Editorial Note: Since we couldn't completely agree on the historical record, we agreed to give the he said/she said version. Chris' comments are in Blue and Heidi's are in Red. That, or think of this as Chris' version and then a rebuttal. If Johnny ever has any comments, we will add them in green, although it's unlikely he will tear himself away from Runescape long enough to write much.

 

Introduction 

This was a trip from Pittsburgh to Washington, DC over the trails of the Great Allegheny Passage and the C&O Canal. Technically we went from Connellsville, PA, outside of Pittsburgh, and finished in White's Ferry, which is just outside of Washington, DC. Starting in Connellsville provided a starting point that made getting to Cumberland, Maryland on the first day feasible. With the on/offs along the way I figure it was 255 miles altogether. Chris makes it sound so logical, doesn't he? The truth is, he wouldn't let us start in Ohio Pyle despite my protests that a 71-mile day, the majority of which would be up a progressively grueling grade, would be penance enough for the sins of my entire life. To him, it was a travesty that we weren't starting out at our front door, which would have made the trip truly authentic in his mind, or even from Boston. And besides, he said, the last 20 miles of the day would be downhill (more on that later). So, Connellsville was the best compromise to which he would agree. That, and in training for the ride, we had biked the upper parts of the Mon-Yough Trail between Pittsburgh and Connellsville innumerable times and didn't feel a need to do it again. White's Ferry was the planned destination because we were staying the night in Gaithersburg and it was a convenient stopping point to get picked up.

Weather: The weather for the trip was nearly optimal. Reading everything I could of others' experiences, it was obvious weather could make all the difference in how the trip goes, especially for the C&O Canal where rain=mud. 180 miles of mud can make even the most intrepid biker cringe. This trip wound up being virtually rain-free and the entire route had been dry enough beforehand to pose no mud issues at all. The almost unavoidable tradeoff was the heat and, in fact, one day of our ride turned out to be the hottest day of the year. Oh fond memories of near heat stroke... The shaded trails are noticeably cooler than areas off trail, and much cooler than biking on the road.
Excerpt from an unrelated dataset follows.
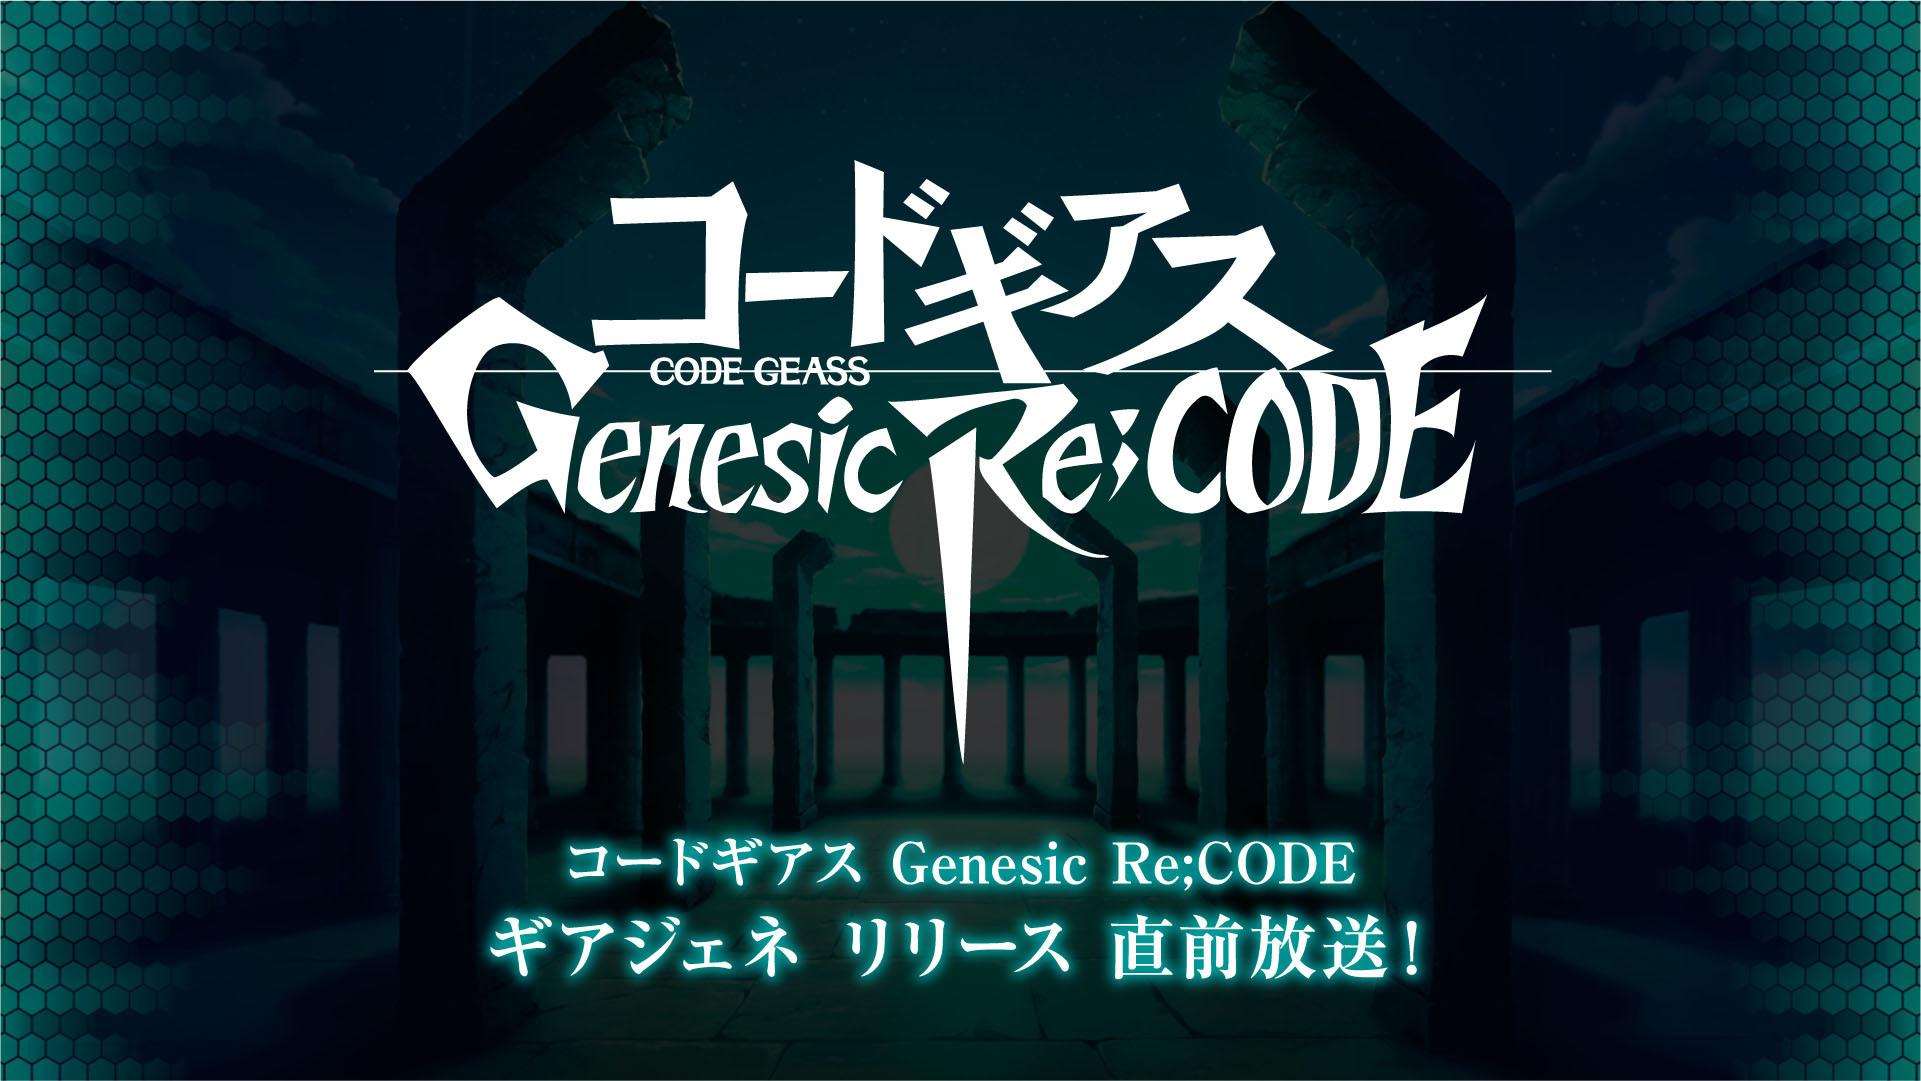 《Code Geass Genesic Re;CODE》公開遊戲限定劇情「血盟的紅羽」等新情報

Acknowledgements: First off you have to give credit to Heidi, who may not be as much of a biking enthusiast as I am, and tolerates most of my idiosyncracies most of the time. 250 miles of biking goes a bit beyond . Her nephew, Johnny, survived the trip far better than either of us. Being 14 at the time and in good shape probably explains that. Little did he know that I wanted him along to make sure word got out if either (or both) of us just collapsed out in the middle of nowhere. There are many parts of the trail where you can't get cell phone service, so this wasn't a bad idea. Plus, we tore a 14 year old away from his computer for three and half days, no minor feat in and of itself! But never a complaint even though he carried a bit more than his share the whole way. Heidi's mother provided essential logistical support, bringing us to Connellsville to start out and even driving us back from DC afterwards. Thanks, Mom! Lots of help from all those who put information out there on similar trips. Long before meeting him, I discovered Ed Quigley had some of the most useful trip reports out there on the web, other than the obligatory publications of Mary Shaw and Roy Weil of course. So useful in fact I am not even trying to make this an information reference on any of this. For that just go check out Ed's biking web page or the omni-resource Allegheny Trail Alliance web page to find useful information. Ed may not realize, but the personal accounts of his trips that he gave Heidi and me over dinner one evening was equally helpful in inspiring the vast endeavor by giving a real example of someone who has really done this. Probably the only bit of advice we didn't take from Ed up was something about working to arrange catering to be brought out to us one day on the trail. Chris may or may not realize that if we hadn't met up with Ed that night, there was no way in hell that I was doing this trip. But Ed was very encouraging and made the idea of a bike ride to D.C. sound not so crazy after all. In retrospect, I probably shouldn't have had those beers with Ed.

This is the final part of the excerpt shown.